The largest technology consulting companies are built around programs that hire employees with non-technical college degrees. These companies then teach these employees internally using “boot camps” – creating their own technicians.
Our company is comprised almost entirely of “engineers”; employees with highly technical backgrounds who understand both how and why the “building blocks” work as well as how to put those blocks together.
Product – Not “IT”
Most technology consulting firms are comprised of consultants who have a deep understanding of employee-facing “Information Technology” solutions. These companies are great at helping you implement packaged software solutions or SaaS solutions such as Enterprise Resource Management systems, Customer Relationship Management Systems and the like. Put bluntly, these companies help you with solutions that you see as a cost center in your business. While we’ve helped some partners who refuse to use anyone else with these systems, it’s not our focus and not where we consider ourselves to be differentiated.

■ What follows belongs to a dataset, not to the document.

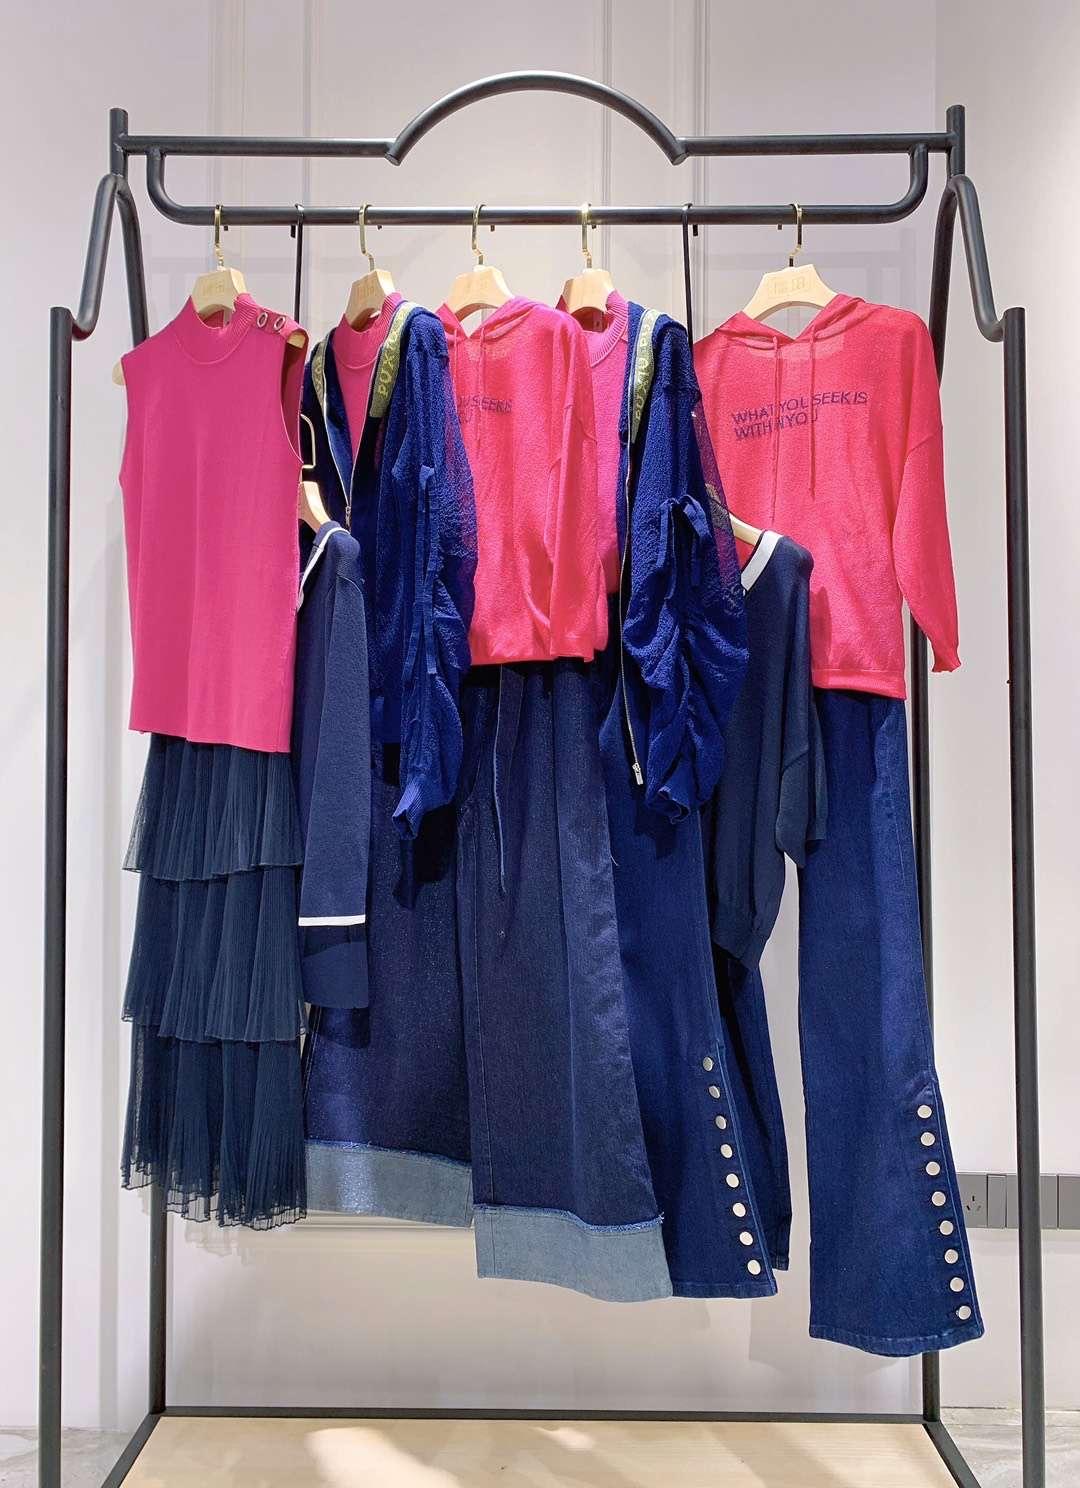 璞秀品牌折扣服饰女装店货源的现代浪漫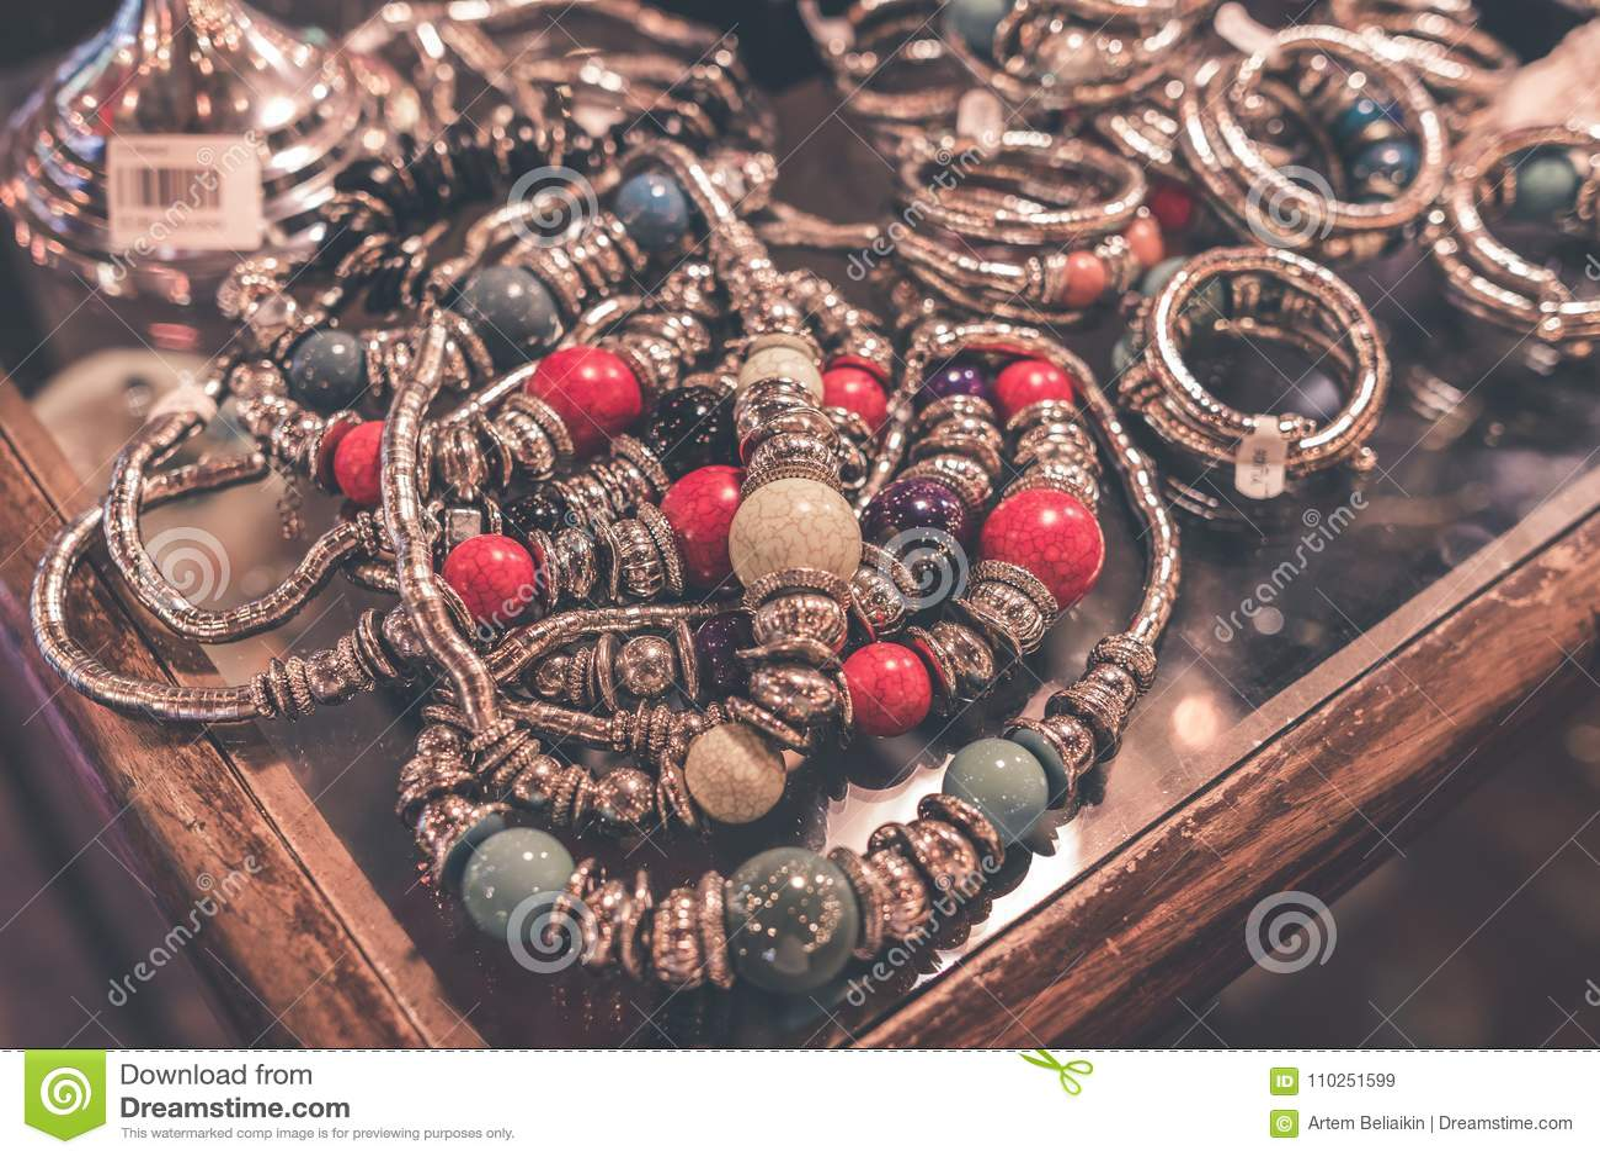 eef6a940e228 Accesorios Del Bijouterie De Las Mujeres En La Tienda Isla De Bali ...

Very few firms have experience building complex product (revenue generating) services and platforms online. Products (not IT) represent nearly all of AKF’s work and most of AKF’s collective experience as engineers, managers and executives within companies. If you want back-office IT consulting help focused on employee productivity there are likely better firms with which you can work. If you are building a product, you do not want to hire the firms that specialize in back office IT work.
Business First – Not Technology First
Products only exist to further the needs of customers and through that relationship, further the needs of the business. We take a business-first approach in all our engagements, seeking to answer the questions of: Can we help a way to build it faster, better, or cheaper? Can we find ways to make it respond to customers faster, be more highly available or be more scalable? We are technology agnostic and believe that of the several “right” solutions for a company, a small handful will emerge displaying comparatively low cost, fast time to market, appropriate availability, scalability, appropriate quality, and low cost of operations.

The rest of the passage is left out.